- [WHAT TO PRODUCE] Leave out the images and return all the data word for word.

- [DATA SHOWN]
+++

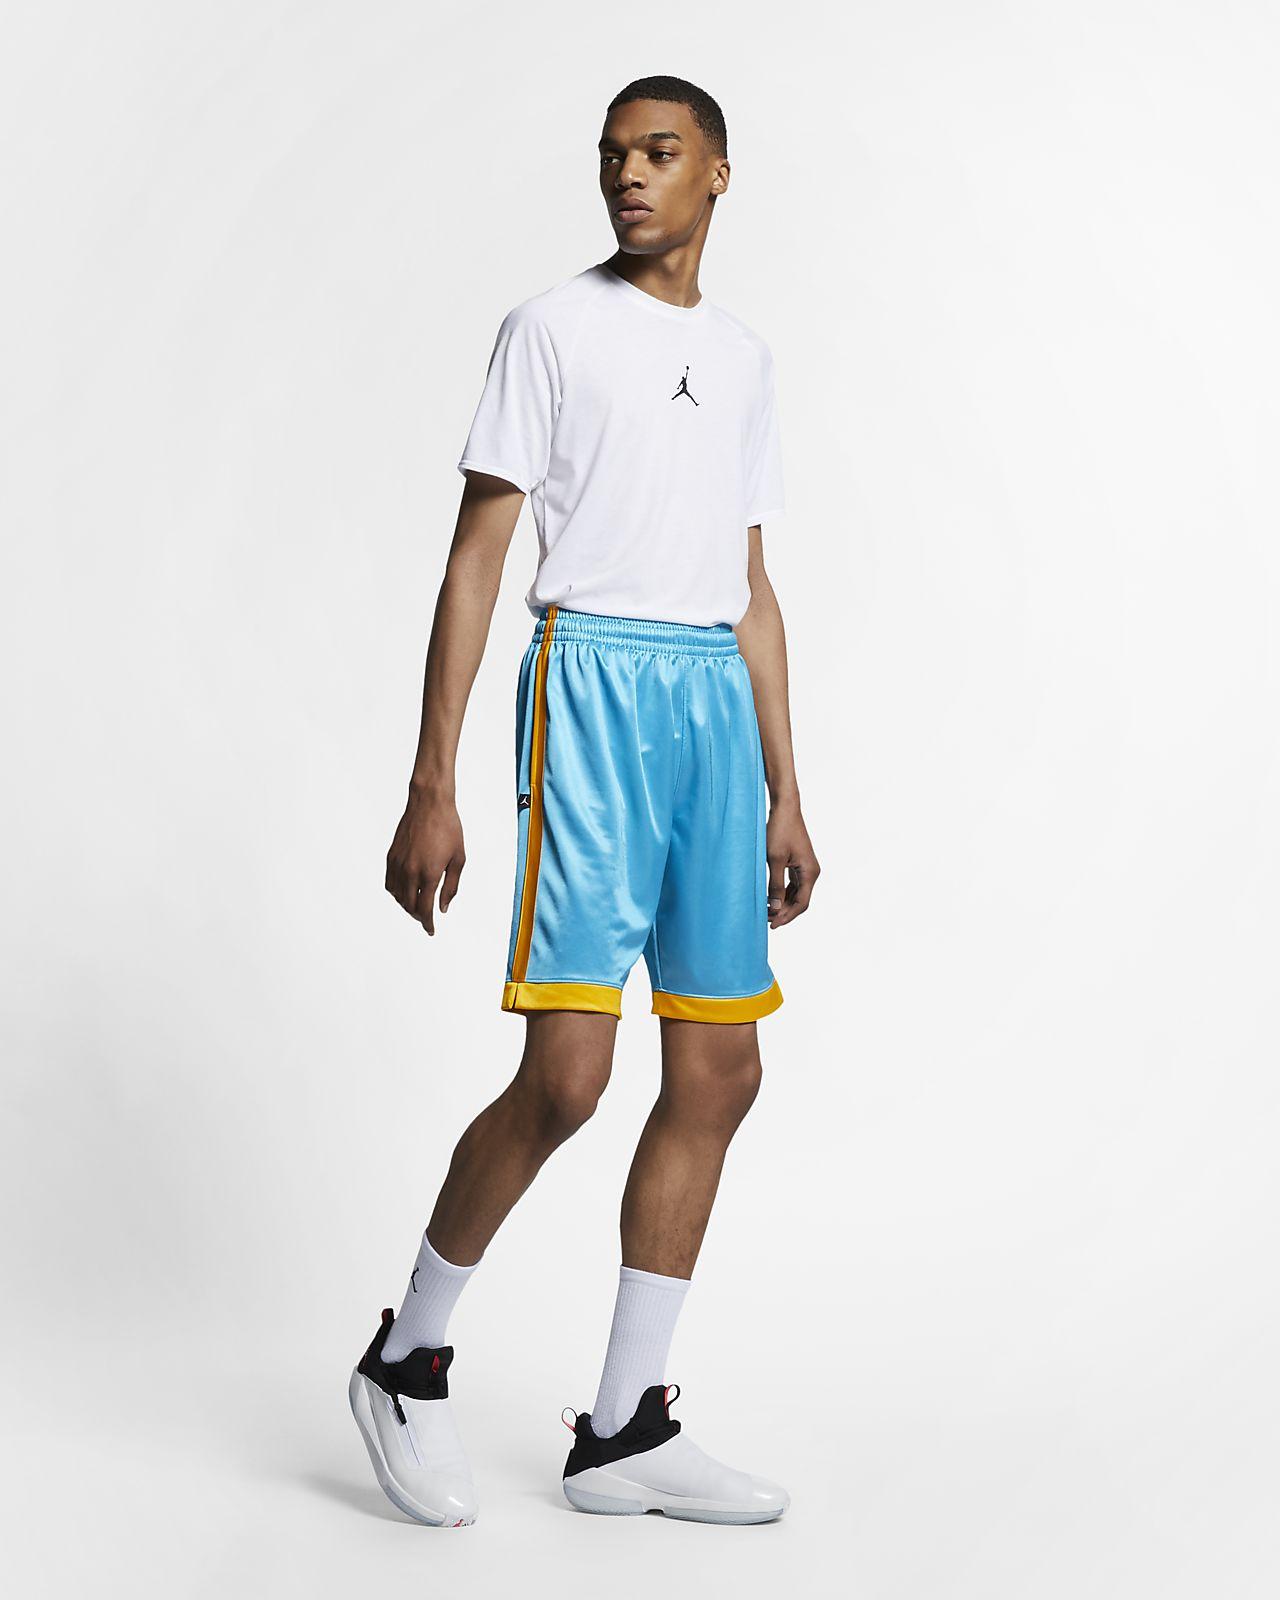 99e2e5b9300890 Low Resolution Jordan Shimmer Men s Basketball Shorts Jordan Shimmer Men s  Basketball Shorts
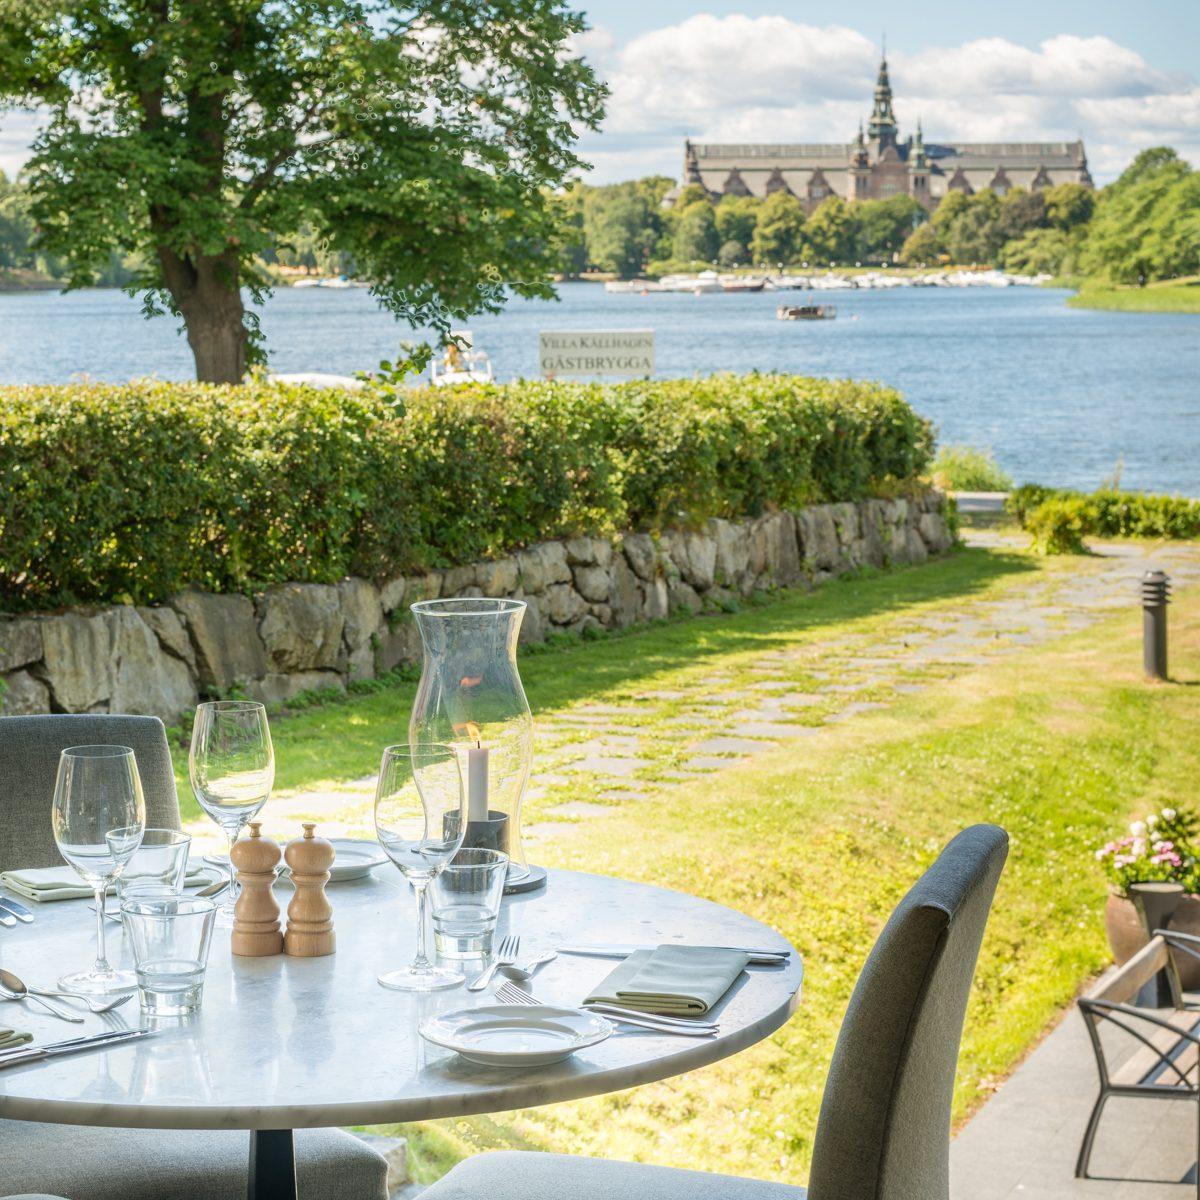 Restaurang Villa Källhagen
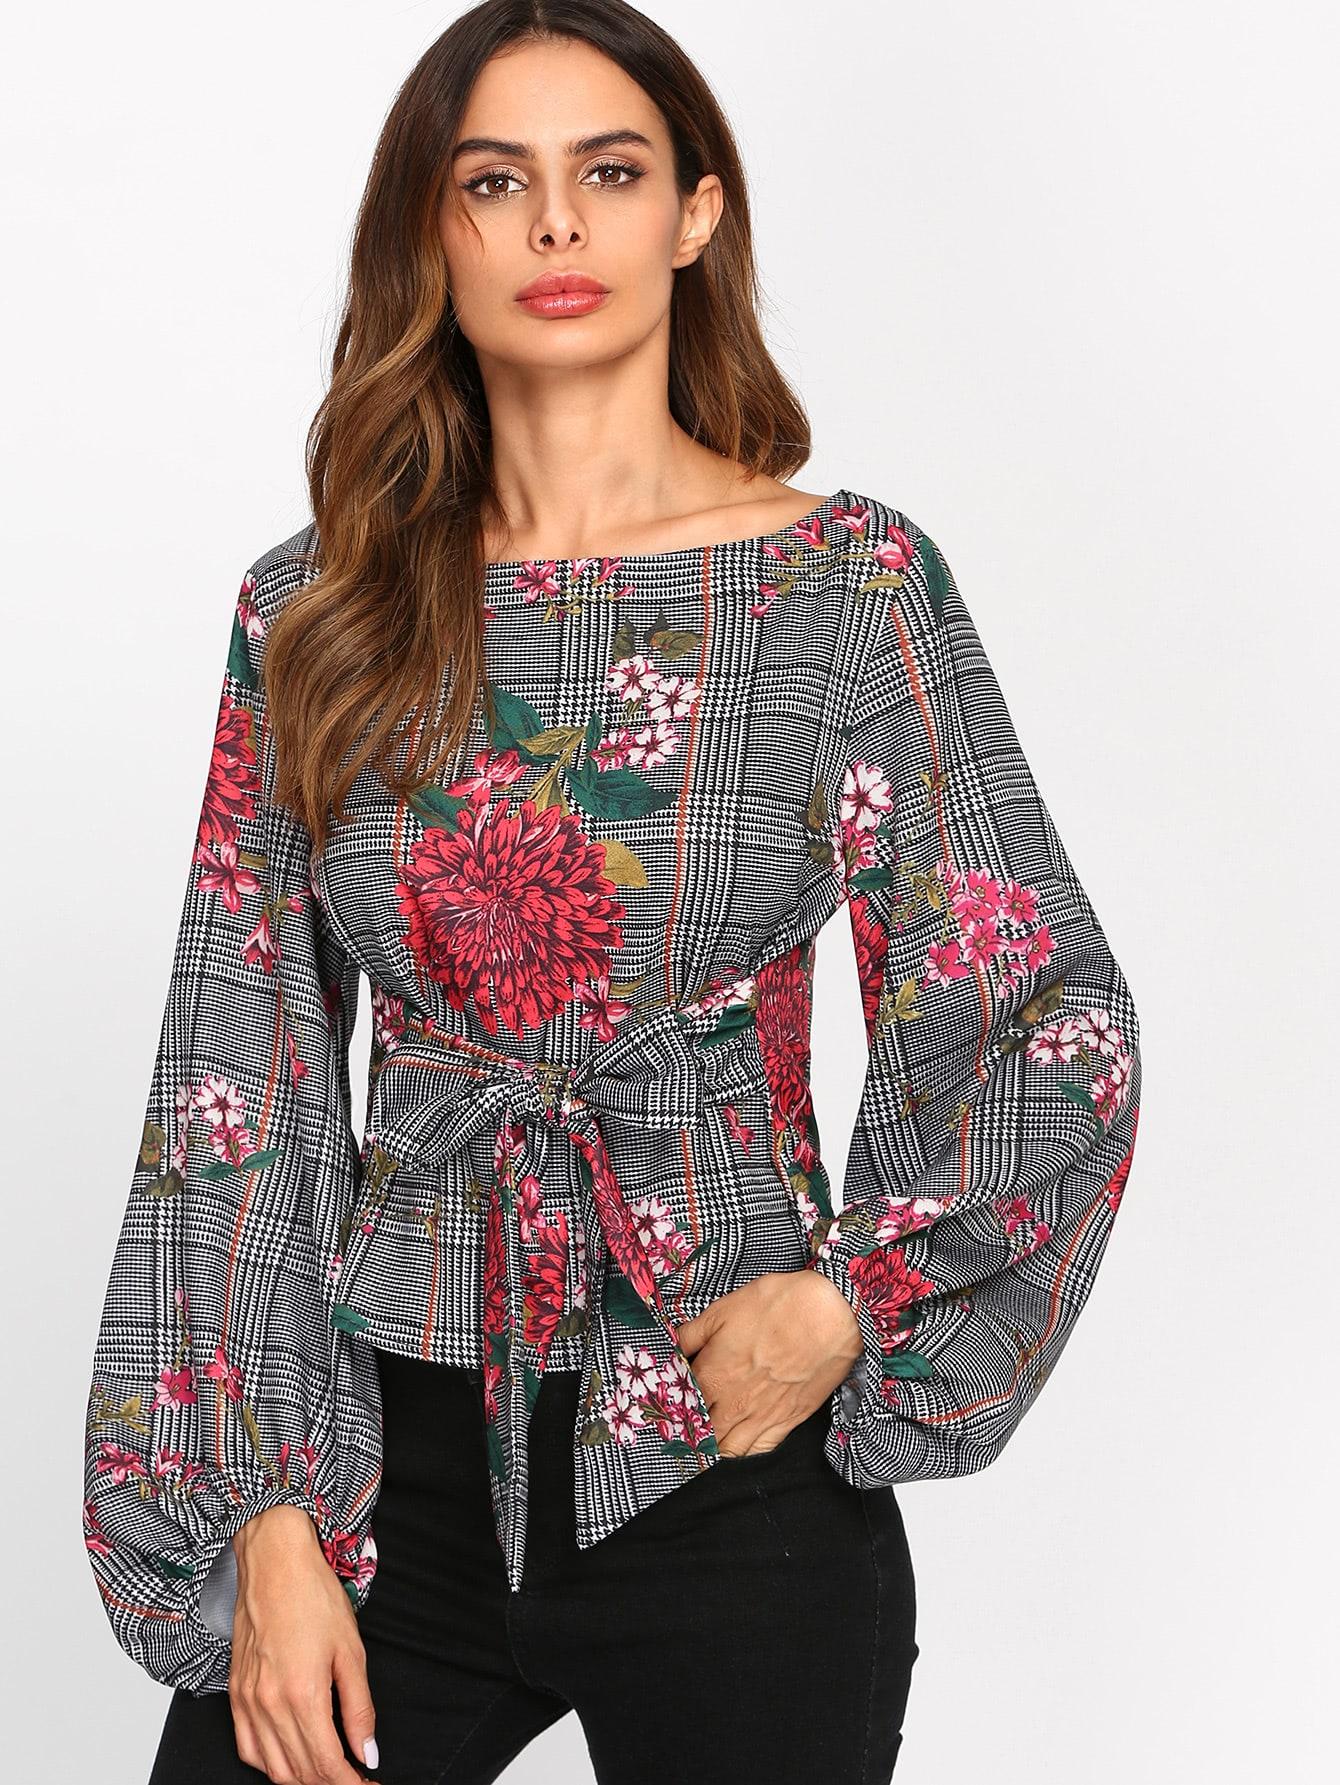 Купить Модная блуза с принтом и поясом, рукав клёш, Andy, SheIn
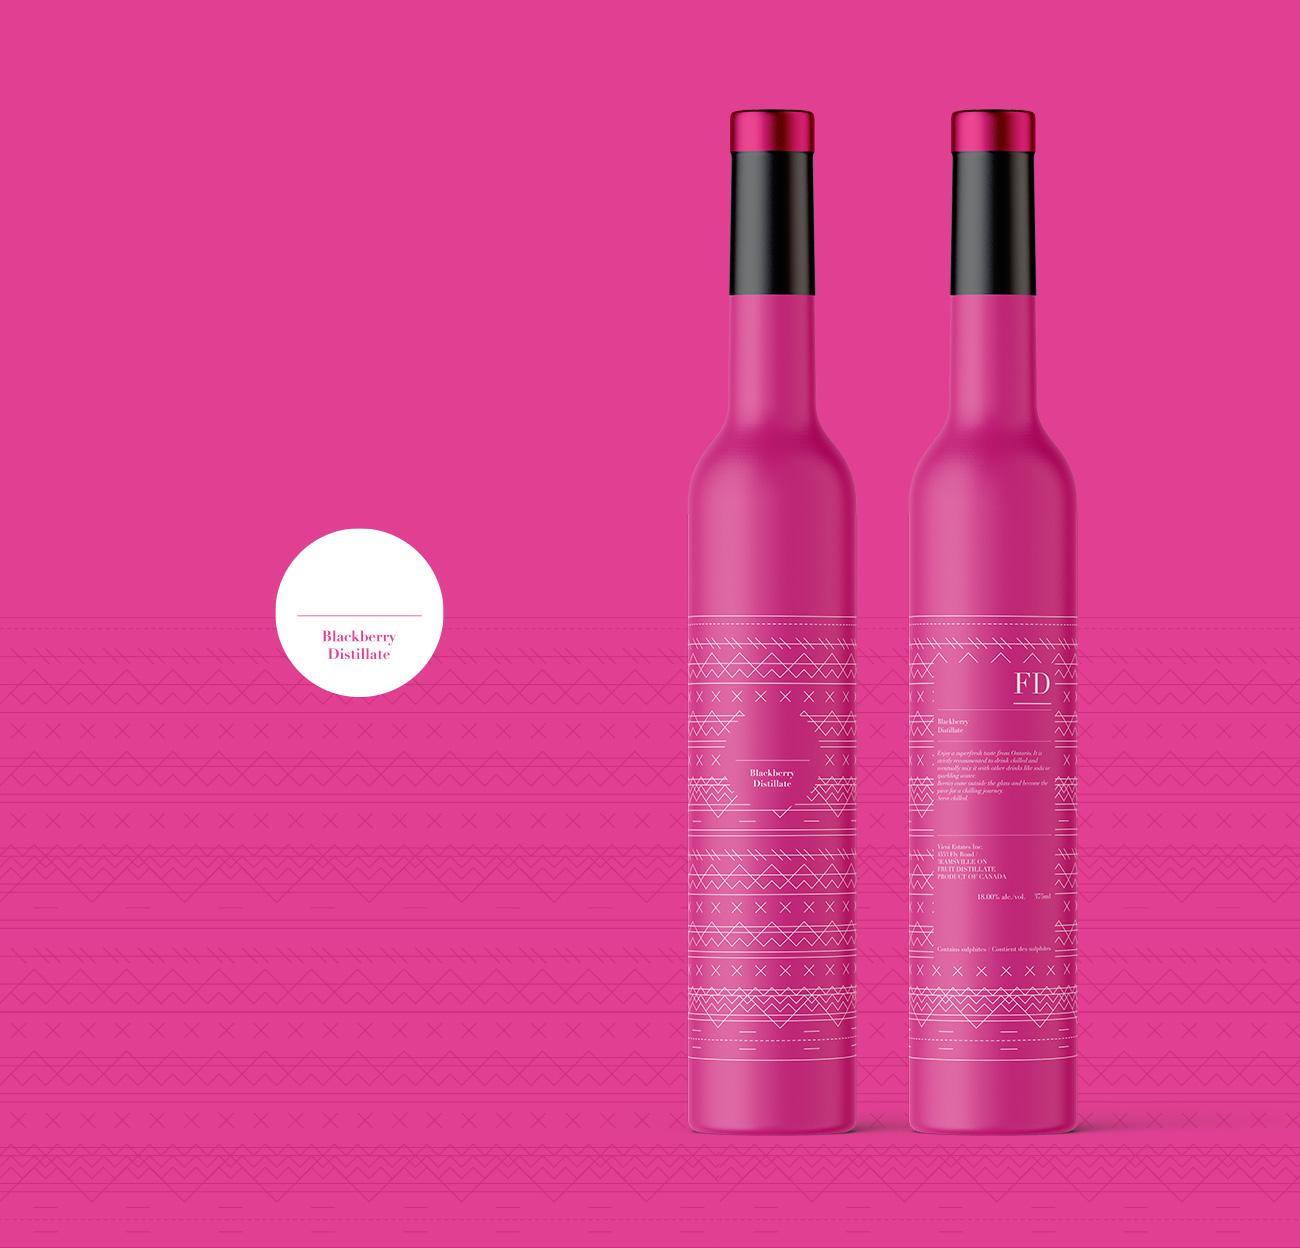 Progettazione grafica packaging etichette niagara frozen napoli avellino benevento

+++

- [FINAL ANSWER]
 99e2e5b9300890 Low Resolution Jordan Shimmer Men s Basketball Shorts Jordan Shimmer Men s  Basketball Shorts
 Restaurang Villa Källhagen
 Купить Модная блуза с принтом и поясом, рукав клёш, Andy, SheIn
 Progettazione grafica packaging etichette niagara frozen napoli avellino benevento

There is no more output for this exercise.